▶ **Task to carry out**
The required output is the exact text of the lines from the line containing "a view of a" through the final line below, inclusive, without pictures.
Dataset extract: Begin
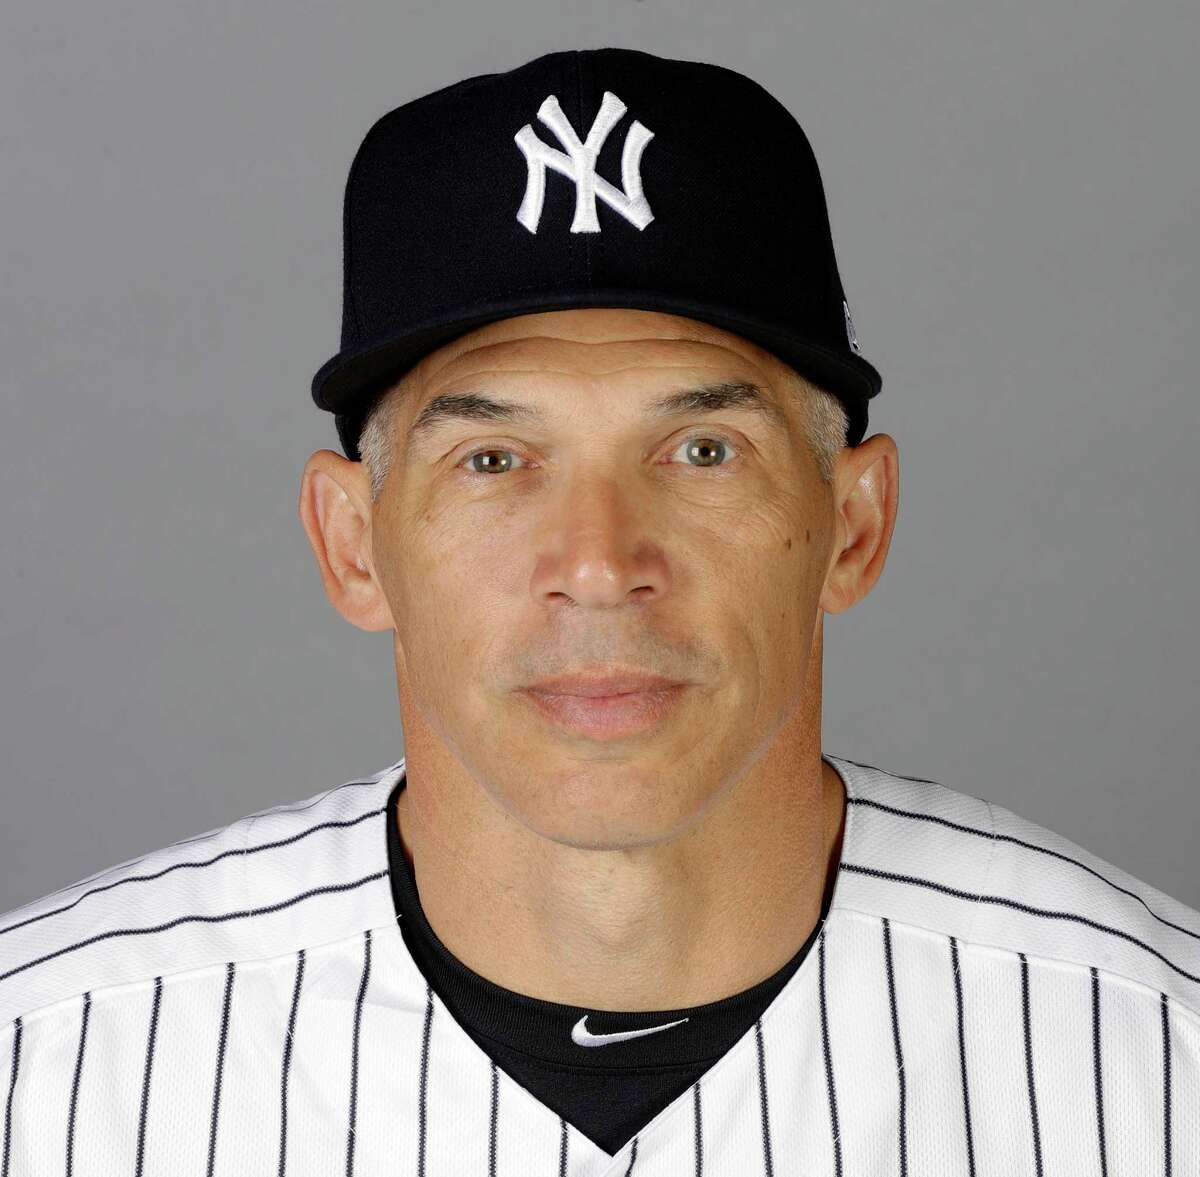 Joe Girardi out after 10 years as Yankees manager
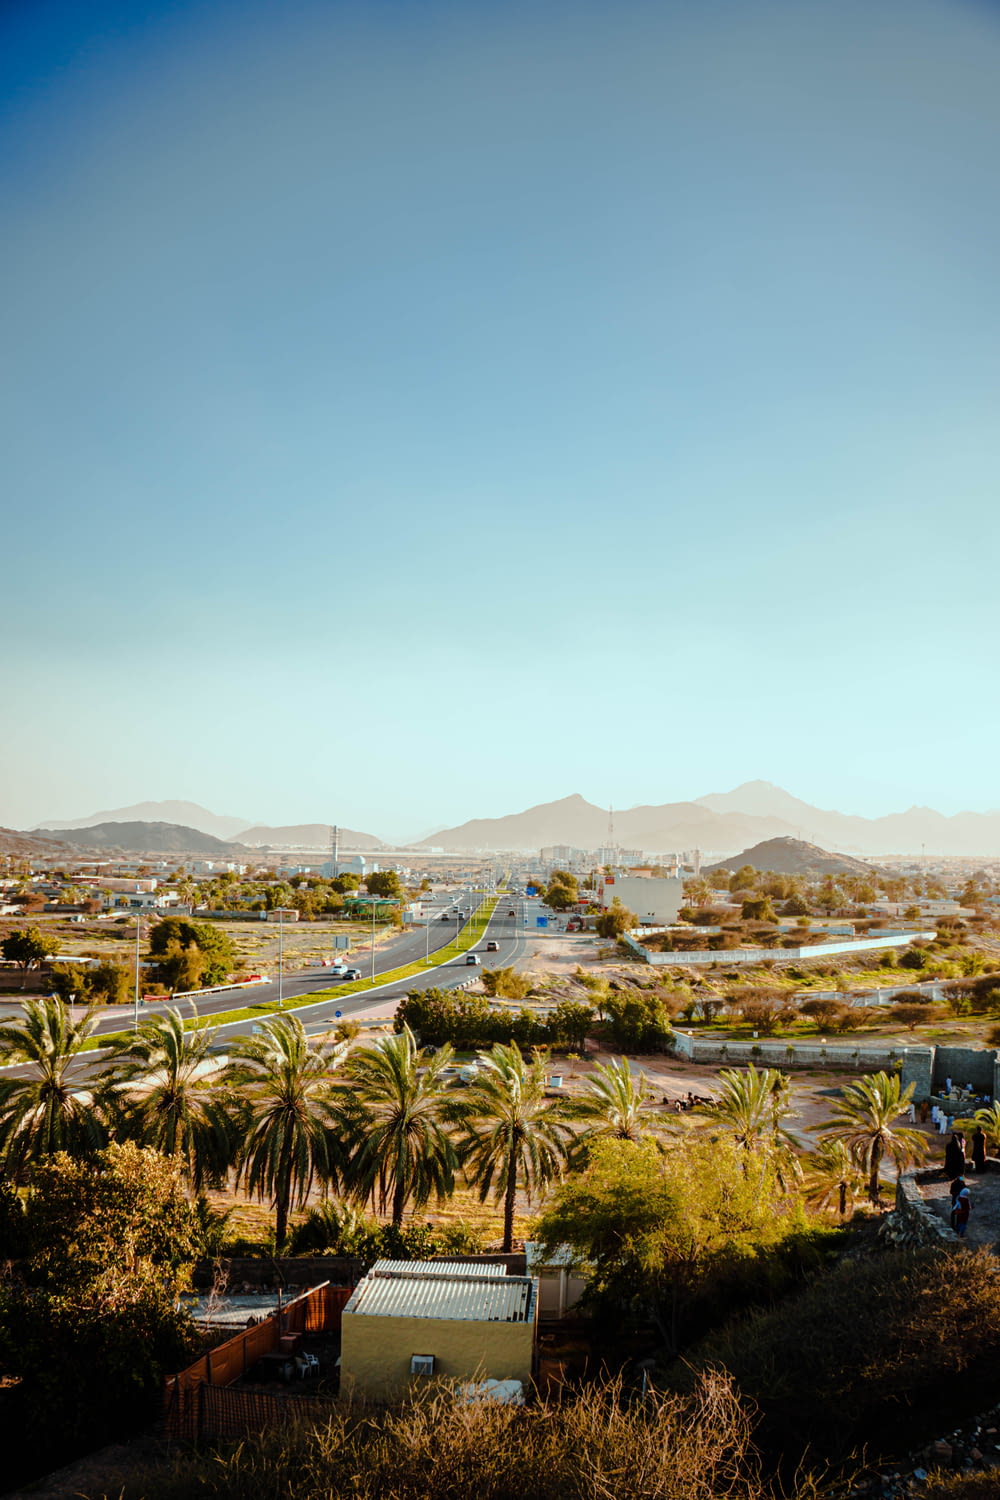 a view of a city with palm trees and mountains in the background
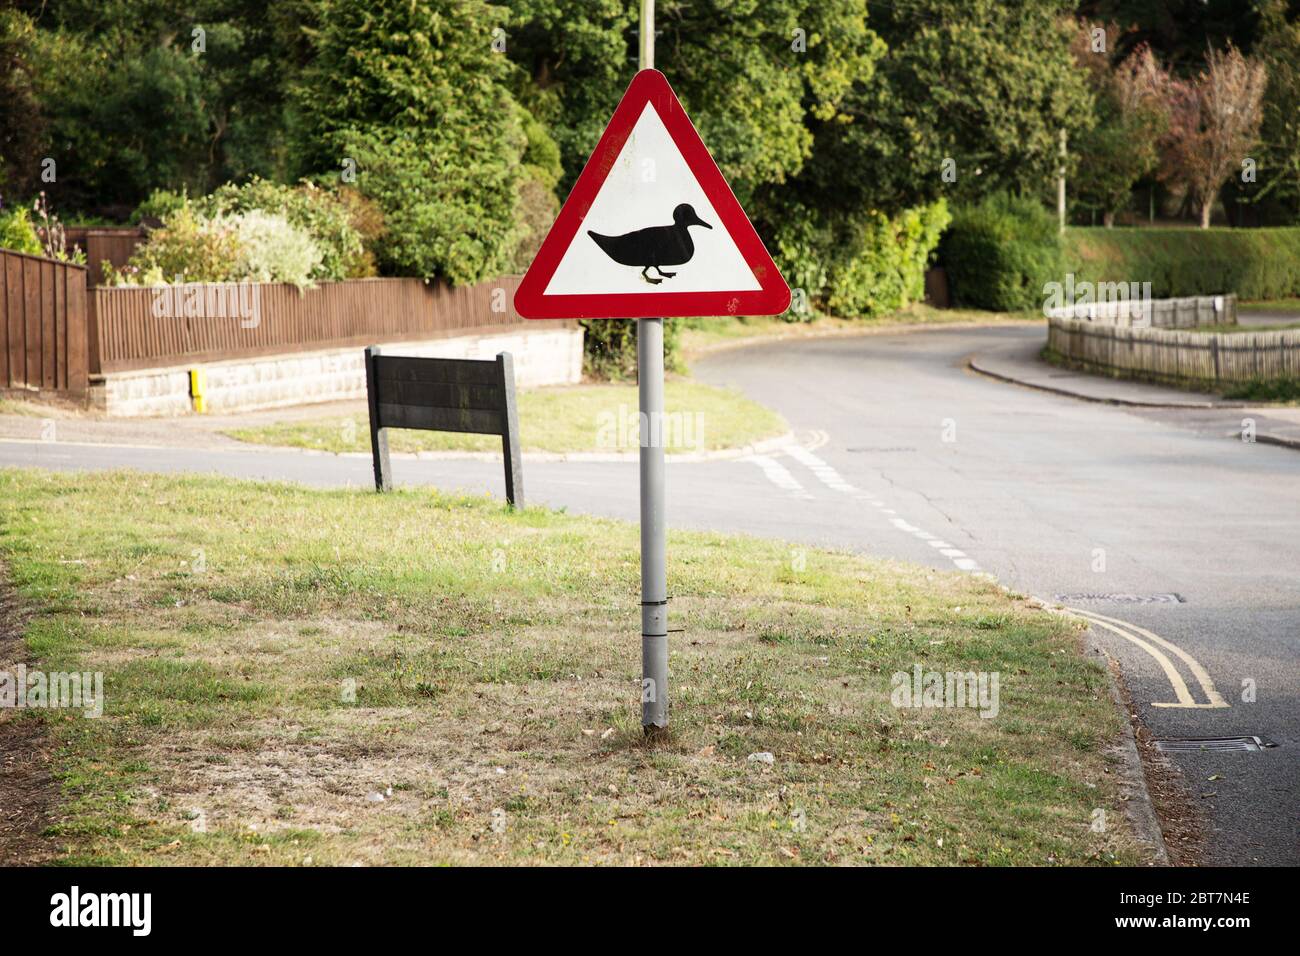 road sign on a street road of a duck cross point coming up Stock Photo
Dataset extract: End
▶ **Answer to the problem**
 a view of a city with palm trees and mountains in the background
 road sign on a street road of a duck cross point coming up Stock Photo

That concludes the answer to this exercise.